Lori Paine, Joshua Paine's mother, said the last two years have been devastating because of the loss of her only child. She just spent her second Mother's Day without him. She has nightmares and can't sleep or eat.

"He has taken the most precious and important person to me in the entire world," she said. "He has turned my life upside down and into shambles."

Several family members and friends spoke on Carder's behalf. One friend said Carder was not impulsive or reckless by nature and this was an "isolated and extreme situation."

"To the outside world, he may be defined by the charge he now faces," said Benjamin Budge, Carder's brother. "However, in our adult life, he is defined by his loyalty to his family, and giving spirit."

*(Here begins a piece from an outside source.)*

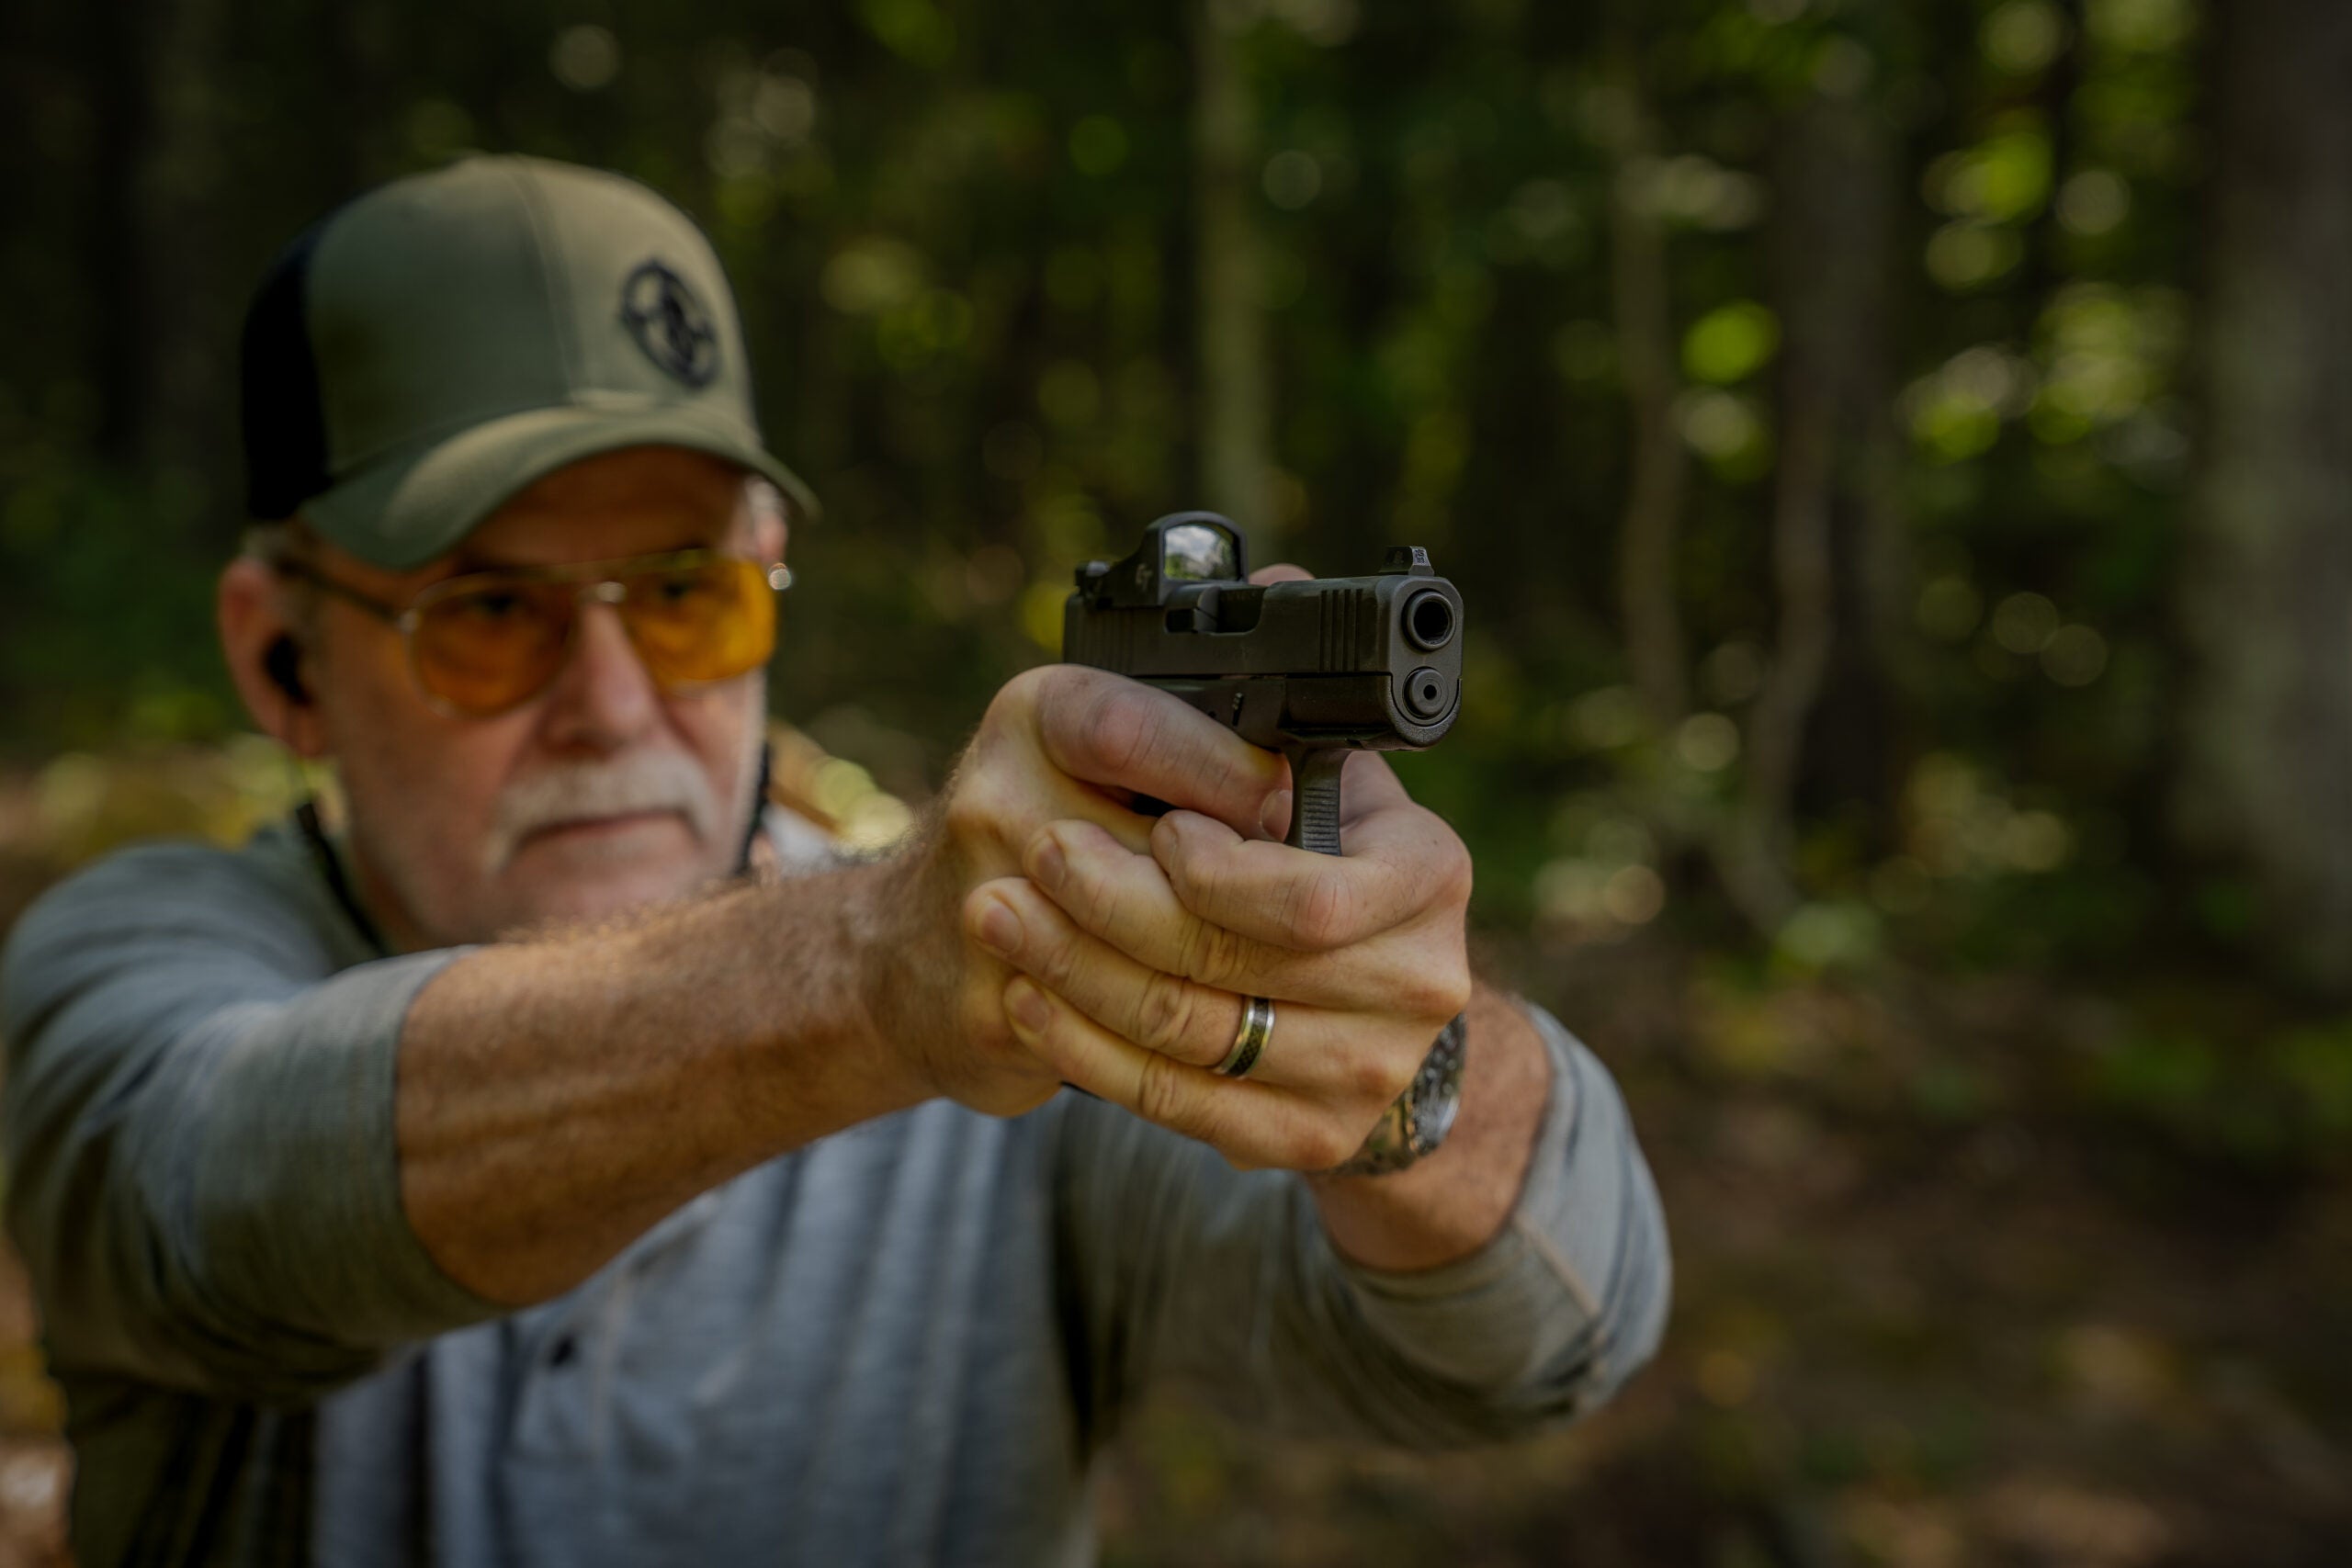 A shooter firing the Glock 43X MOS pistol on an outdoor range
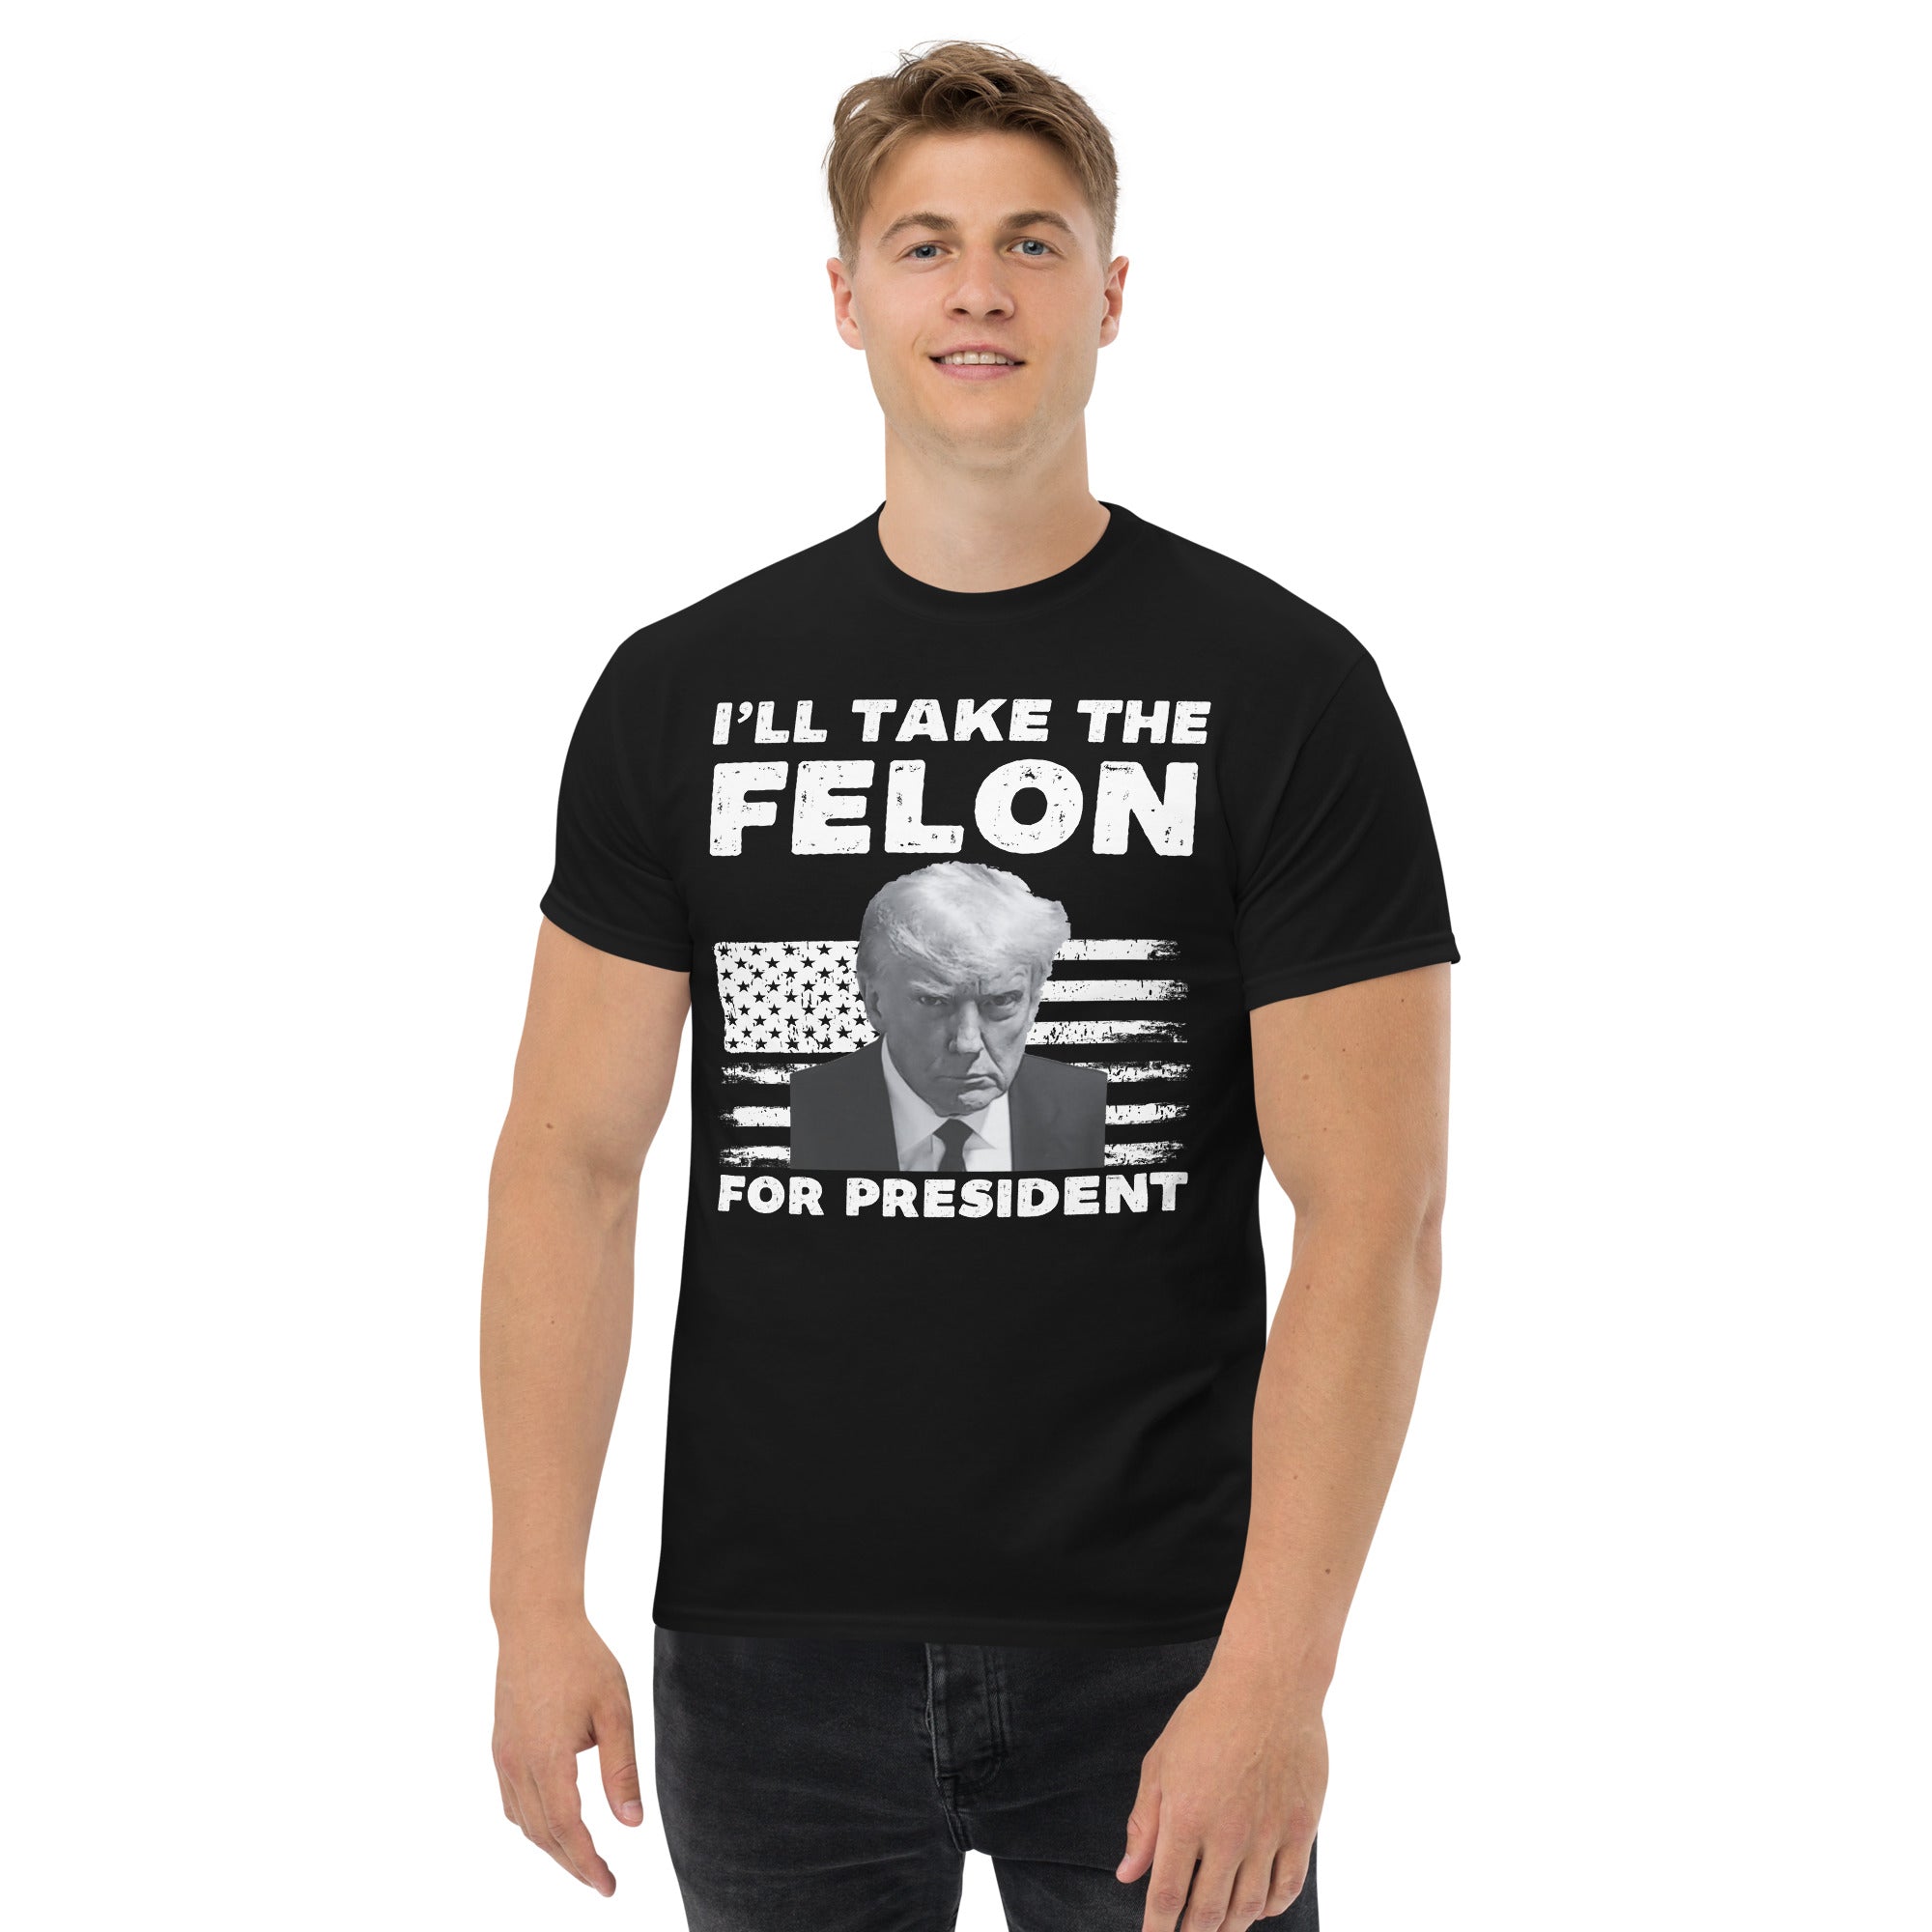 Trump 2024 Shirt, Vote Felon 2024, Republikaner Geschenke, Wahlshirt, Politisches T-Shirt, Felon For President, Konservatives Shirt

Budge said his brother is thoughtful and had some difficult life circumstances handed to him that he was trying to come to terms with.

"He is a good man who has simply made a tragic error," Budge said in his statement.

Carder addressed the court and apologized to the family, expressing his regret and begging their forgiveness, the prosecuting attorney's office release said. Polin said the killing was one of the most egregious, horrific and senseless acts she's seen.

Carder, who has no prior felony convictions, pleaded guilty to first-degree murder last month, according to court documents.

Carder's sentencing range was 20 to nearly 27 years, plus a two-year deadly weapon enhancement. Polin sentenced Carder to the high end of the range.